My guess is the latch needs to be adjusted (for a quick fix). Right now I am not concerned about the fitment and or gaps as long as I can keep the water out. Right now the fitment and gaps are pretty good.

Does it sound like I just need to adjust the latch on the deck lid or a new seal?

Thanks


----------



## ALKYGTO (Mar 29, 2010)

I would think the seal needs to be glued in to be truly effective. 

Try using 3M weatherstrip adhesive to seal in your existing gasket and see if that works, that is the cheapest way to go.


----------



## Rukee (Feb 8, 2007)

It could be coming from the back window area too. Might want to slowly pour a glass of water into the lower corners of the back window and look in the trunk for leaking. Or stuff someone in the trunk with a flashlight and then hit the back of the car with the garden hose.


----------



## gjones (Oct 8, 2012)

*Don't break the key off in the latch...*

I agree with Rukee about getting into the trunk to check it out.
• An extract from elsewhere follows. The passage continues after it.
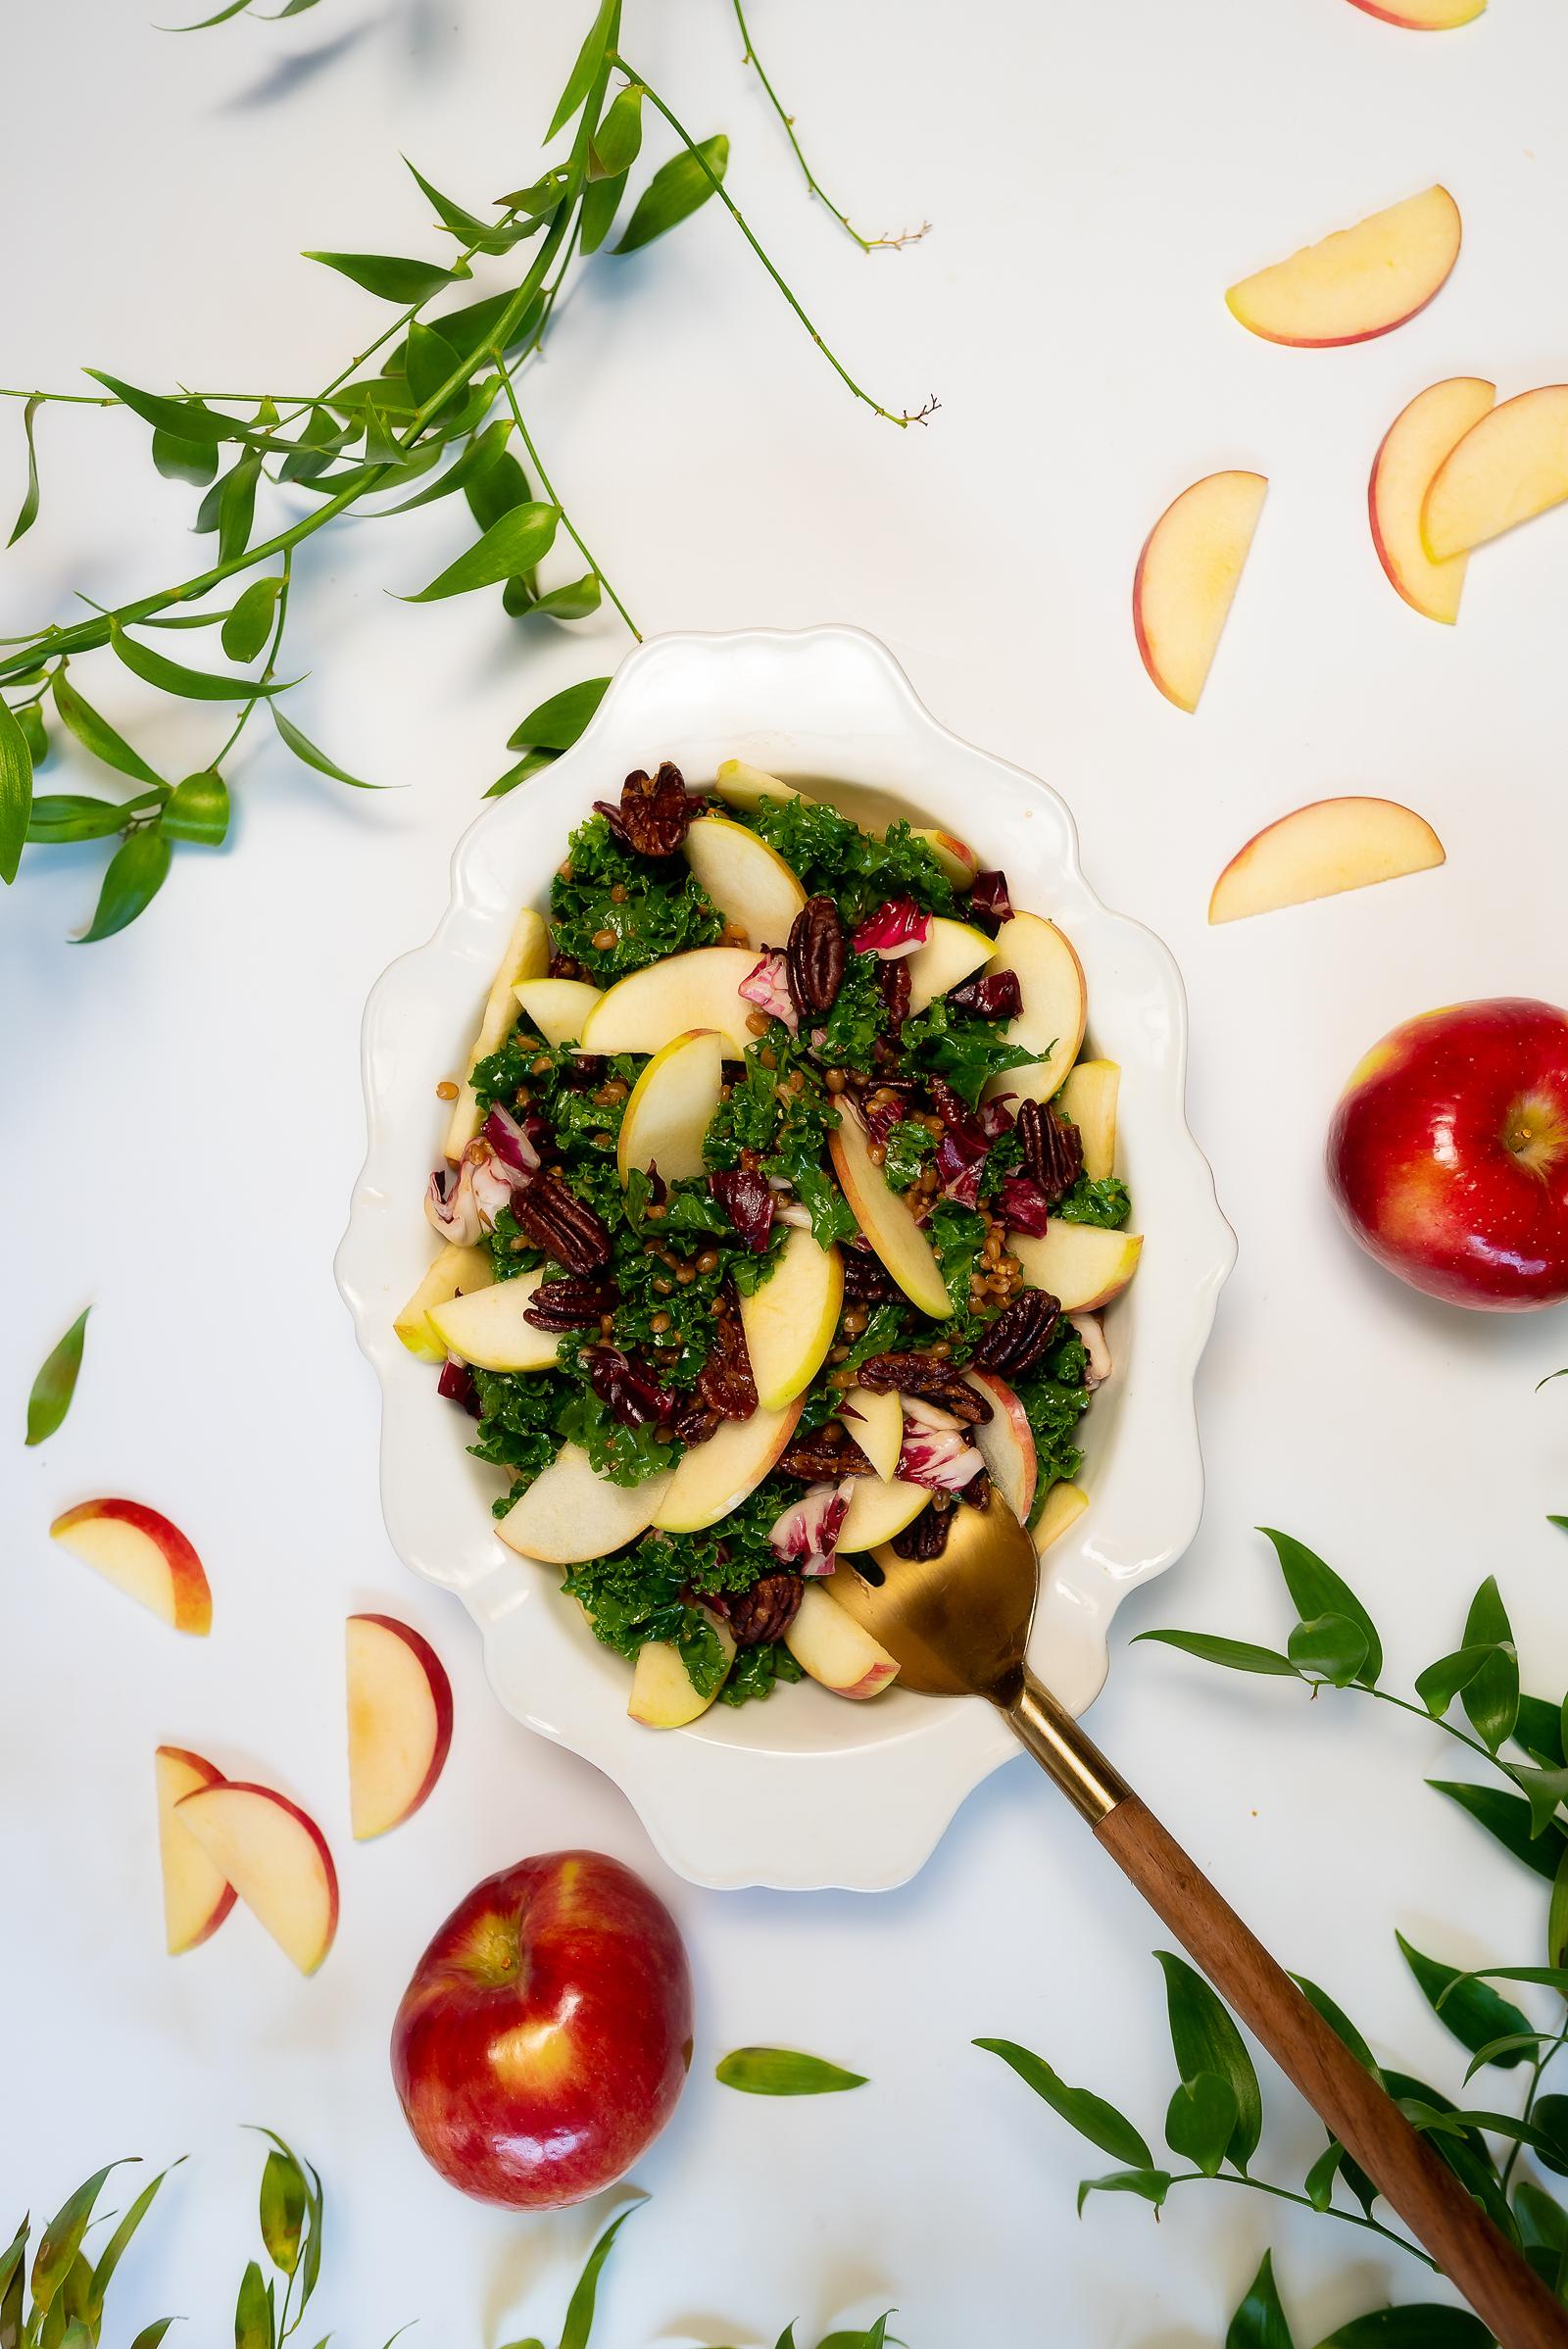 Stemilt Rave Apple Salad with Kale, Roasted Pecans, Wheatberries, Cabbage and an Apple Cider Mustard Vinaigrette Recope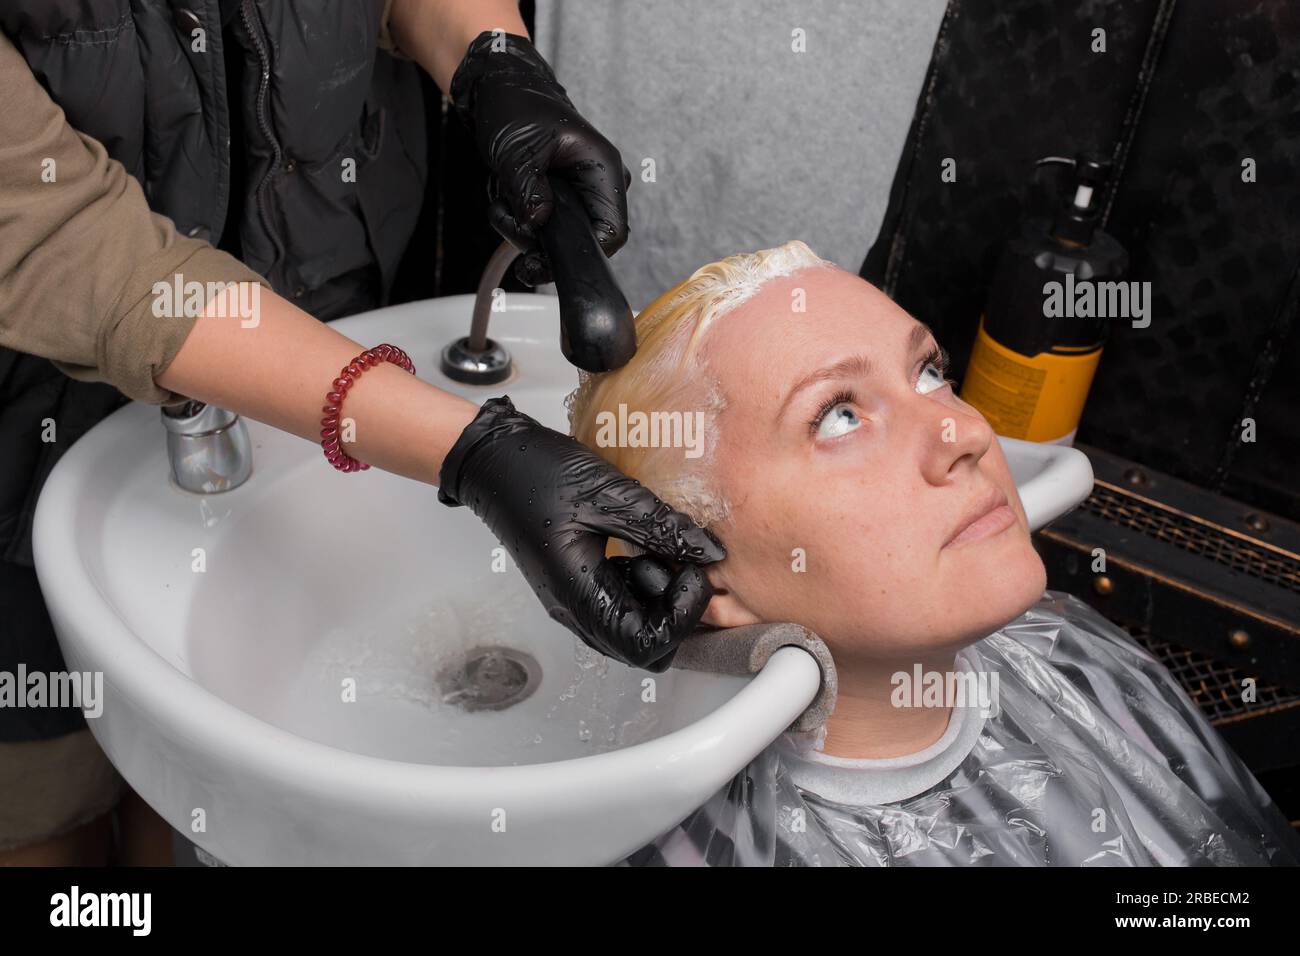 Washing the hair of an adult beautiful woman with rain over the sink at work in a barbershop or hairdresser. Stock Photo

That's about the best way to do it.


----------



## Red1970GTO (Jun 25, 2011)

*A Body Trunk Fitment*

:cool The fitment of the trunk lids on GM "A-Bodies" is notoriously *BAD*! Your weatherstrip doesn't need to be glued in -- it is designed to "float" in the channel and does its job when "squished" between the channel and the trunk lid. However, that's not to say the weatherstrip is good -- it may be hard and no longer pliable.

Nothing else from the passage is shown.